**Exercise brief:** In the data below, restate exactly the lines from the one with "Pinewood rectangulare dining table in" to the final line, both included, but not the pictures.

**Given information:**
##########
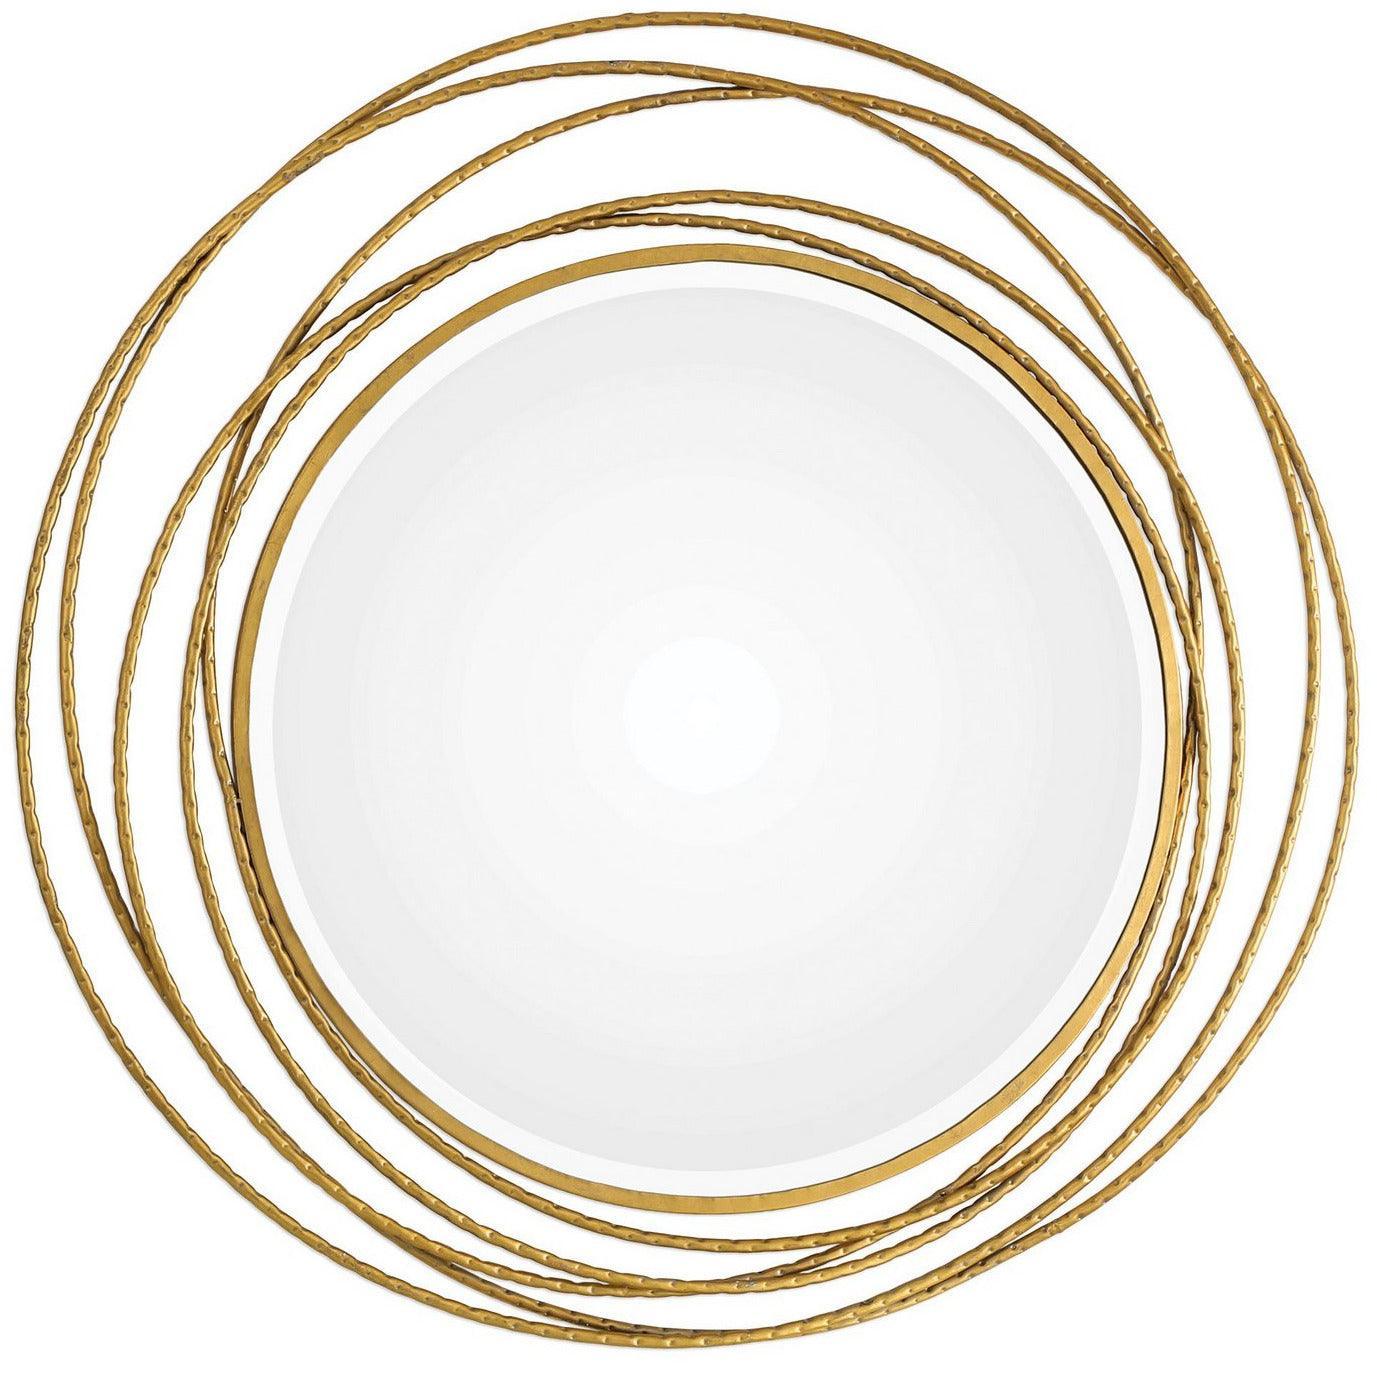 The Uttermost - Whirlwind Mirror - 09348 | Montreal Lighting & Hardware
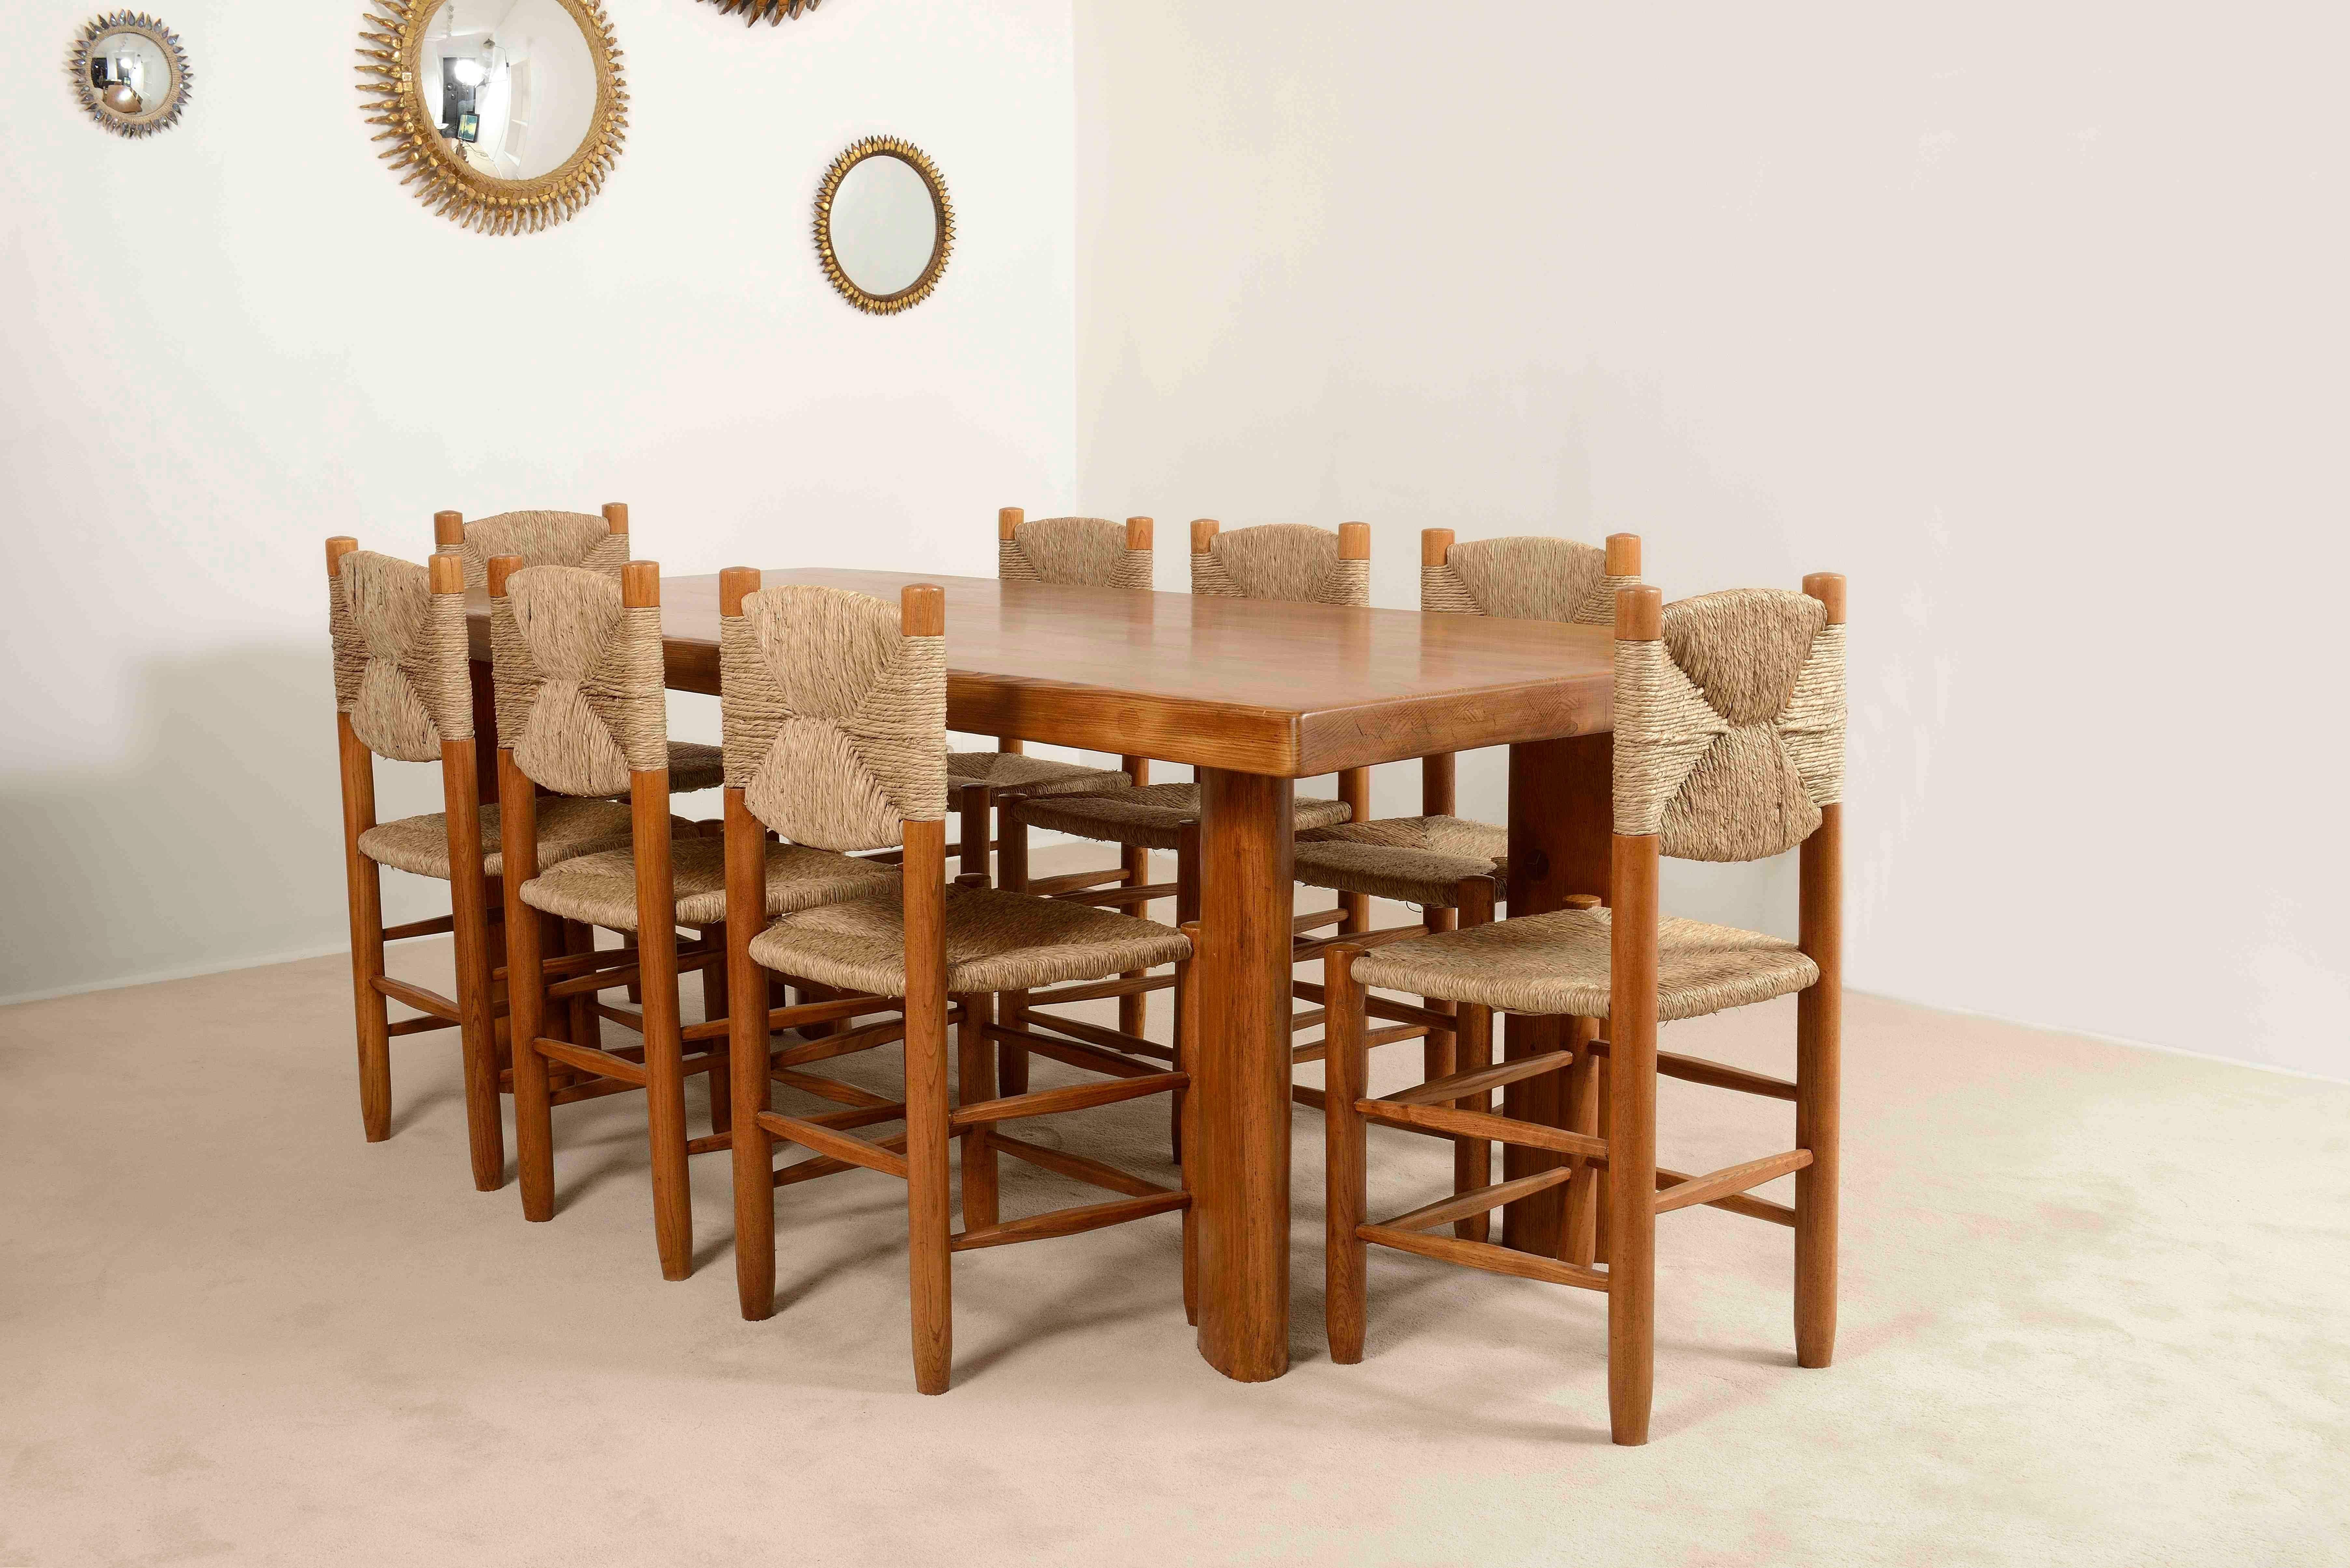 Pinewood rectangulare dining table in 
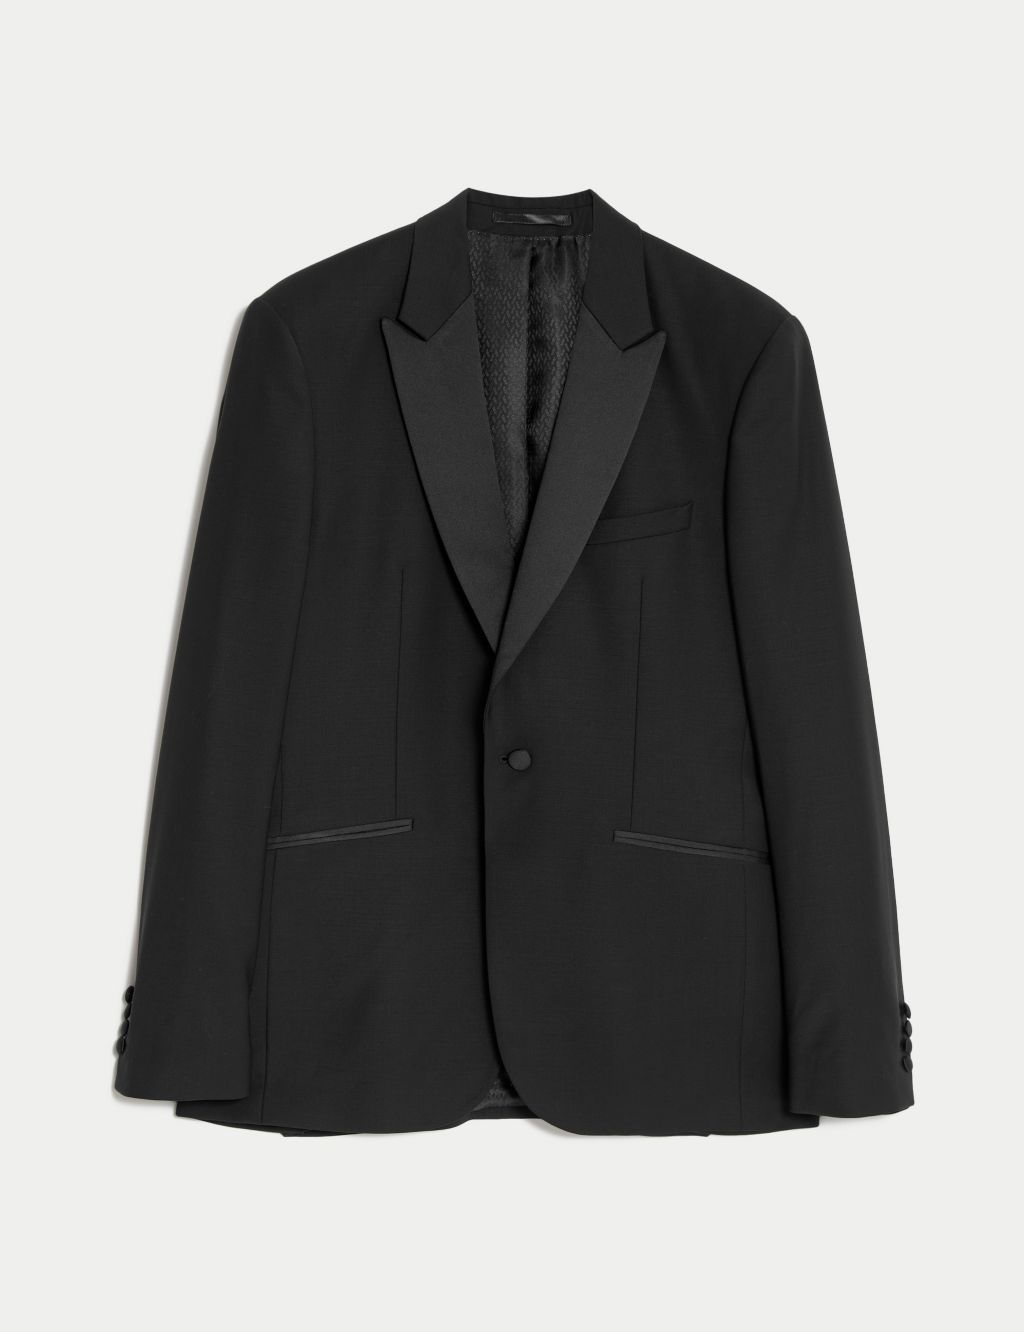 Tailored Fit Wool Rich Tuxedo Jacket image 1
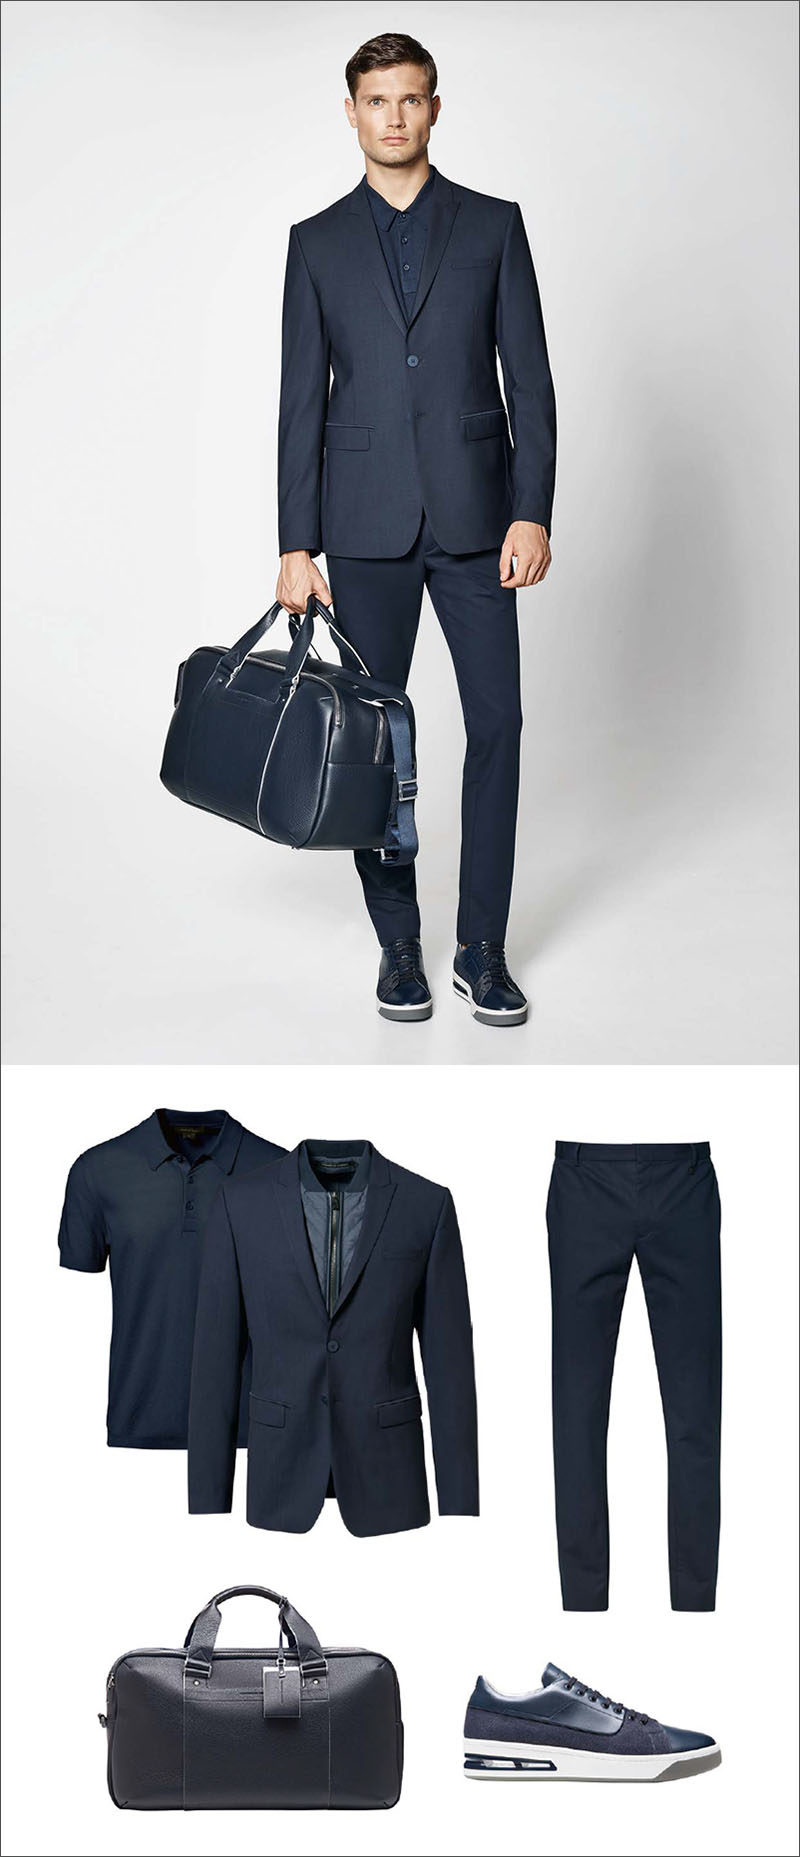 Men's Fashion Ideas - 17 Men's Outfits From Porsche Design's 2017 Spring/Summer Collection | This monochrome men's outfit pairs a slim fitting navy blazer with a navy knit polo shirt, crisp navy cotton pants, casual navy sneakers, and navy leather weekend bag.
##########
**Written response:**
 Pinewood rectangulare dining table in 
 Tailored Fit Wool Rich Tuxedo Jacket image 1
 Men's Fashion Ideas - 17 Men's Outfits From Porsche Design's 2017 Spring/Summer Collection | This monochrome men's outfit pairs a slim fitting navy blazer with a navy knit polo shirt, crisp navy cotton pants, casual navy sneakers, and navy leather weekend bag.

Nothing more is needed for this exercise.